- Polish: Jak pokochalam gangstera
- Directed by: Maciej Kawulski
- Written by: Krzysztof Gureczny; Maciej Kawulski;
- Starring: Tomasz Wlosok; Aleks Kurdzielewicz; Antoni Królikowski;
- Production company: Open Mind Production
- Distributed by: Netflix
- Release date: 12 January 2022;
- Country: Poland
- Language: Polish

= How I Fell in Love with a Gangster =

How I Fell in Love with a Gangster (Jak pokochałam gangstera) is a 2022 Polish film directed by Maciej Kawulski, written by Krzysztof Gureczny and Maciej Kawulski and starring Tomasz Wlosok, Aleks Kurdzielewicz and Antoni Królikowski.

== Plot ==
The film tells the story of the rise and fall of Nikodem 'Nikoś' Skotarczak. Nikoś was born in Gdańsk, to a father who abused and beat him. As he grows up, he gathers around him a gang of delinquents, led by his good friend 'Komo'. At first, Nikoś and his gang engage in petty crime, but later they begin stealing cars from Germany and selling them in Poland. This business yields them enormous profits and turns Nikoś into the underworld ruler of the Polish coastal area.

== Cast ==
- Tomasz Włosok as Nikodem 'Nikoś' Skotarczak
- Aleks Kurdzielewicz as Young Nikodem Skotarczak
- Antoni Królikowski as 'Komo'
- Agnieszka Grochowska as Milena 'Czarna'
- Magdalena Lamparska as Halina Ostrowska
- Krystyna Janda as Rita
- Klaudiusz Kaufmann as Karl
- Eryk Lubos as 'Kleks'
- Sebastian Fabijański as 'Silvio'
- Julia Wieniawa as Nikita
- Mikolaj Kubacki as Piotr Kamcz
- Dawid Ogrodnik as Andrzej 'Pershing' Kolikowski

== Reception ==
Marc Miller of Ready Steady Cut called the film "an utterly ridiculous Goodfellas wannabe". He criticized the lack of detail surrounding Nikoś's criminal activities and describes it as over formulaic.

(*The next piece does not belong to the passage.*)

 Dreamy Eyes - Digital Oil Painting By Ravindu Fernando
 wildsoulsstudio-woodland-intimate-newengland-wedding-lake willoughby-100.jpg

Aurora Amidon, writing for Paste, called the film "groundbreaking" but "derivative". Barbara Jaros of Onet.pl criticized the film's "mythologization of criminal life" and called it a male fantasy. She also noted the portrayal of women as "submissive [and] passive [...] grateful for every crumb of interest".

The last wife of real Nikodem Skotarczak sued Maciej Kawulski, Open Mind Production and Netflix due to the fact that the film "How I Fell in Love with a Gangster" infringes her personal rights such as dignity, good name, privacy and the cult of memory of a deceased person.